Plot the points (rows) of `X_proj` .

In [None]:
### your answer here
X_proj = X_shifted.dot(model.components_.T)

plt.subplot(121)
plt.scatter(X_shifted[:,0], X_shifted[:,1], c = 'r')
plt.scatter(X_proj[:,0], X_proj[:,1], c = 'b')
plt.title("shifted & proj")
plt.subplot(122)
plt.scatter(X_shifted[:,0], X_shifted[:,1], c = 'r')
plt.scatter(X_new[:,0], X_new[:,1], c = 'g')
plt.title("shifted & new")

#the red points are X_shifted
#the blue points are X_proj, ans it is the points after PCA(dim=2)  (i.e.
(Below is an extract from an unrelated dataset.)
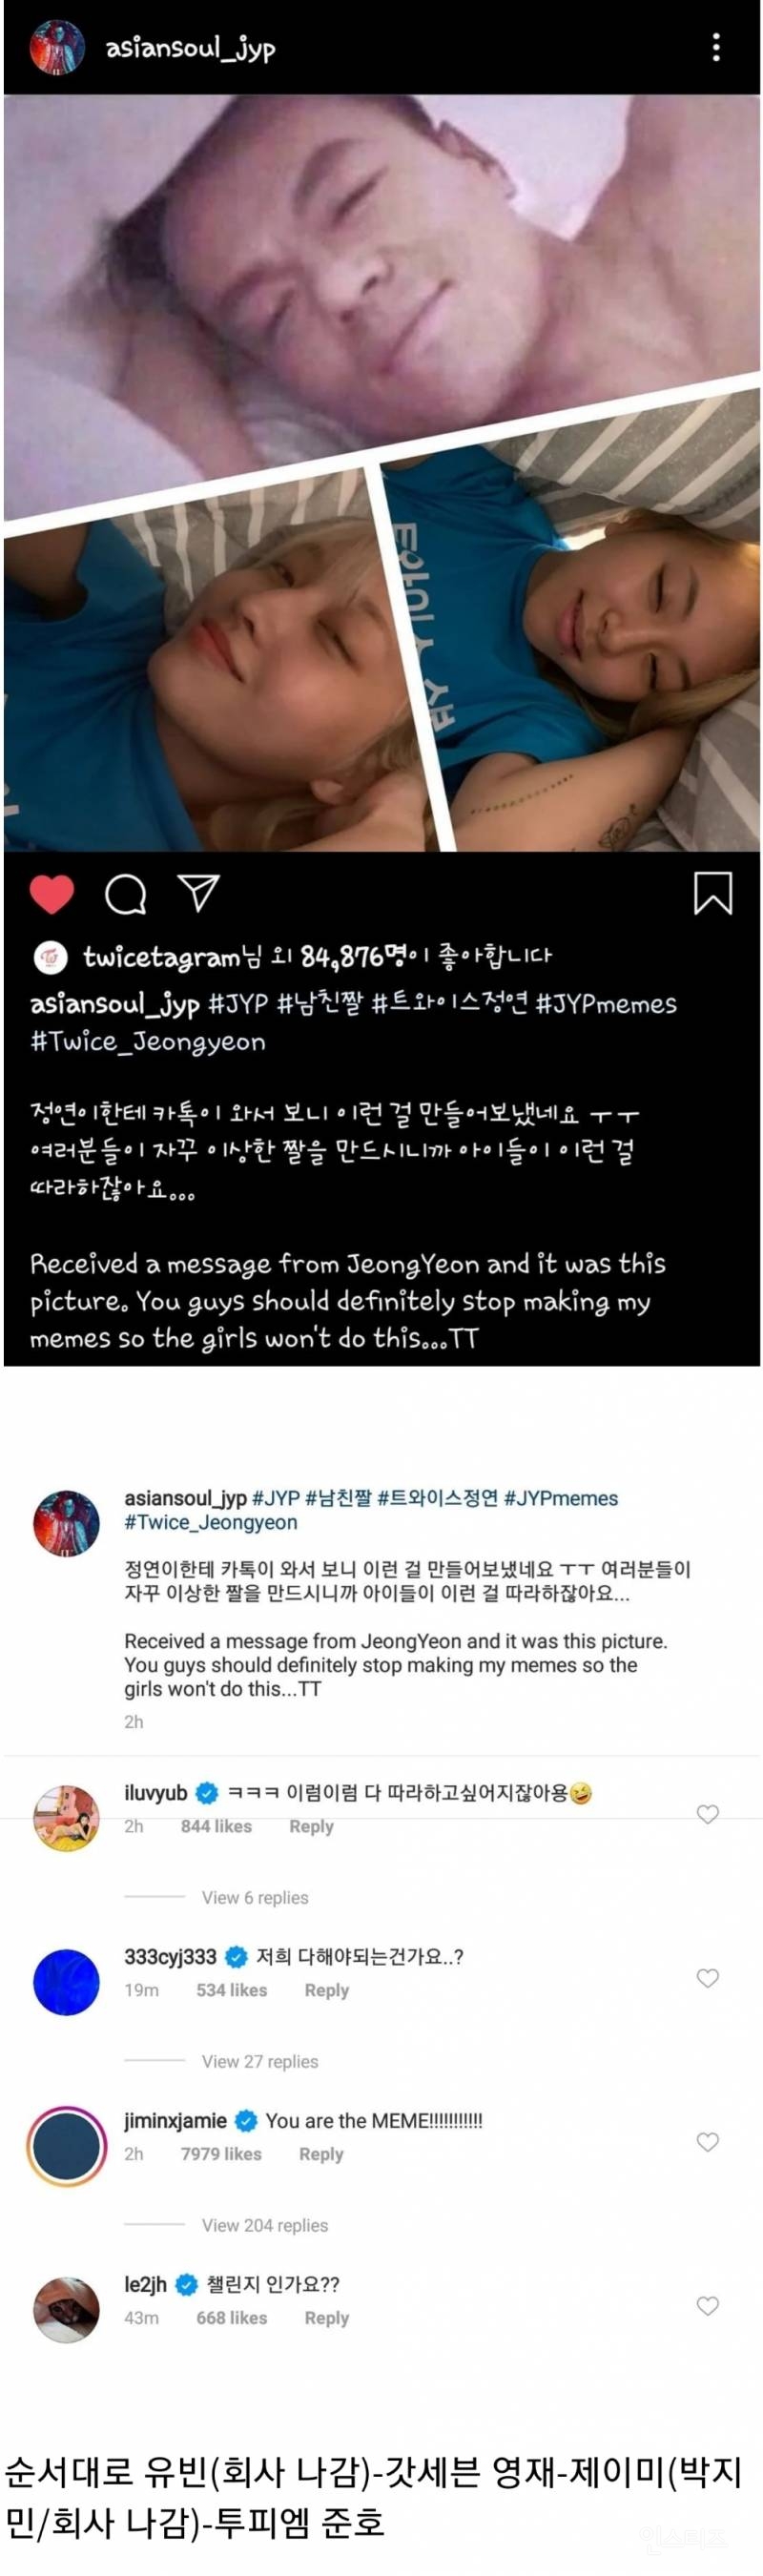 박진영 인스타에서 트와이스의 남친짤 따라잡기를 본 제왑돌들.jyp | 인스티즈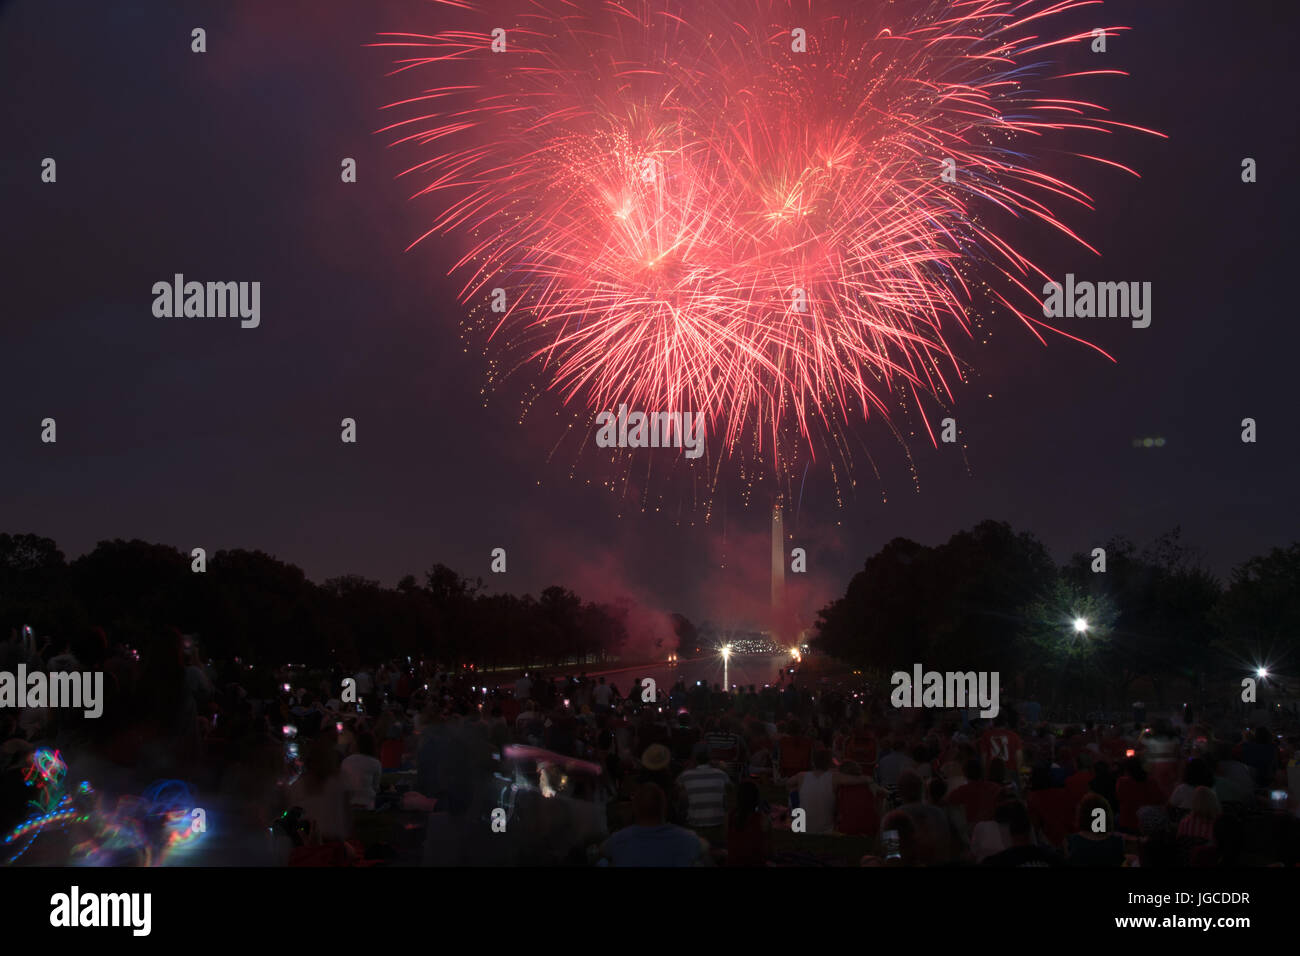 Das Washington Monument während des großen Finales; 4. Juli Feuerwerk; 2017, Washington DC, Vereinigte Staaten Stockfoto

X_new)
#the green points are X_new

##### Jephian:
Nice.  
You may consider doing `plt.figure(figsize=(6,3))` if necessary.

###### 4(d)
Suppose `model.mean_` and `model.components_` are given.  
Can you find a way to obtained `X` from `X_new` ?

In [None]:
### your answer here
#let U is the matrix model.components_
#since X_new = (X - mean)⋅U
#so X = X_new⋅U^-1 + mean
inv = np.linalg.inv(model.components_.T)
recover_X = X_new.dot(inv)+ model.mean_

plt.subplot(121)
plt.scatter(X[:,0], X[:,1], c = 'r')
plt.title("original X")
plt.subplot(122)
plt.scatter(recover_X[:,0], recover_X[:,1], c = 'b')
plt.title("recover_X")

##### Jephian:
The second line  

    #let U is the matrix model.components_

should be 

    #let U is the matrix model.components_.T

##### Jephian:
Well done!